Toronto festival offers premieres, politics, stars
TORONTO, Sep 6 (Reuters) This year's Toronto International Film Festival will offer more star wattage and world premieres than almost any in its 30-year history, as well as the potential for a goodly amount of controversy.
Several films at the ten-day festival, which starts on Thursday, will examine the state of President George W Bush's America.

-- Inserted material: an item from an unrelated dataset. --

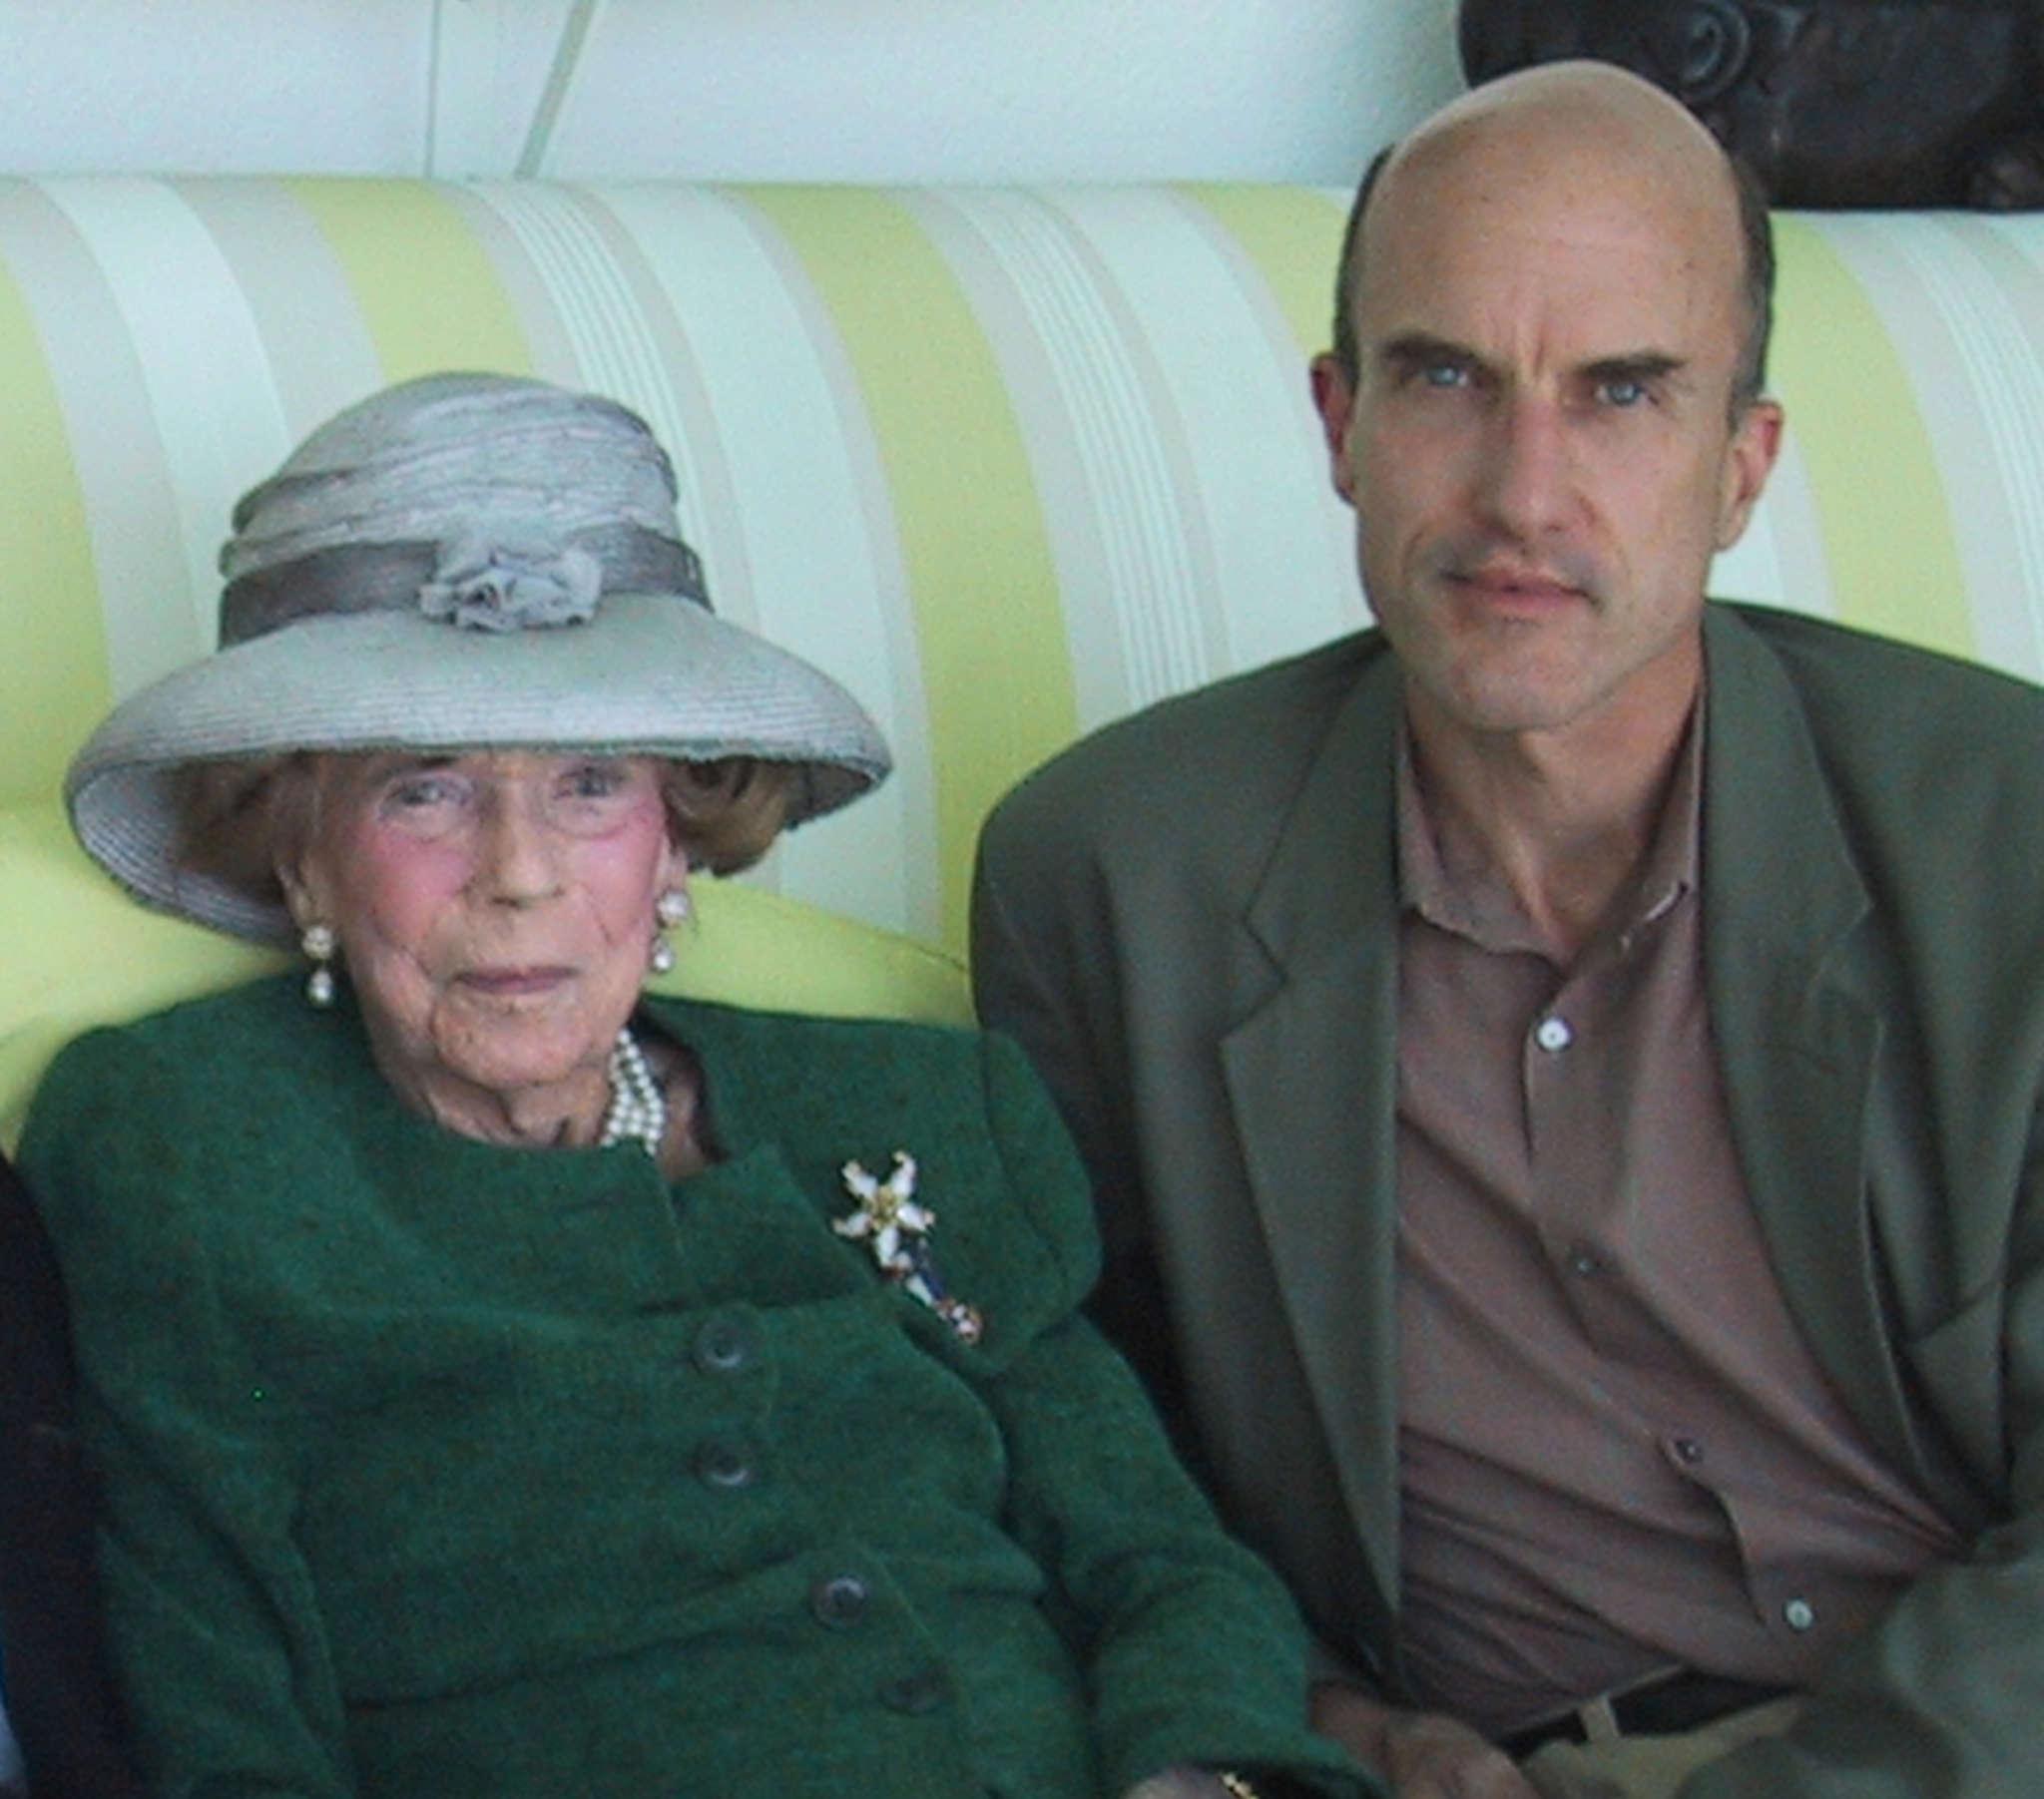 The late millionaire socialite Brooke Astor and grandson Philip Marshall.

Already the festival has had to issue a statement defending its decision to screen the contentious ''Death of a President'', a mock documentary that depicts the fictional assassination of Bush.
But at this point controversy still plays second fiddle to the buzz of anticipation surrounding the appearances of Brad Pitt, Sean Penn, Penelope Cruz, Russell Crowe and other stars, as well as the 352 films from 61 countries that will be shown.
The Toronto festival has been growing steadily in profile -- this is its 31st edition -- and now has a reputation as a launch pad for Oscar hopefuls, a sentiment not lost on the actors and directors who will be promoting films, and the distributors who will be bidding to buy them.
''We are a festival of discovery,'' festival co-director Noah Cowan told Reuters.
''For some of these movies that have stars but no distributor...
they can come here, get a distributor, and really make a difference in worldwide box office.'' Already several entrants are being touted as possible award contenders, such as ''All the King's Men'', starring Penn in a remake of the movie classic about the rise and fall of a political demagogue in the US South, and ''Babel'', which stars Brad Pitt and Cate Blanchett as tragedy-stricken tourists in Morocco.
The festival will kick off with the world premiere of ''The Journals of Knud Rasmussen'', based on the writings of a 1920s Danish ethnographer about the clash of cultures between European Arctic explorers and Inuit natives.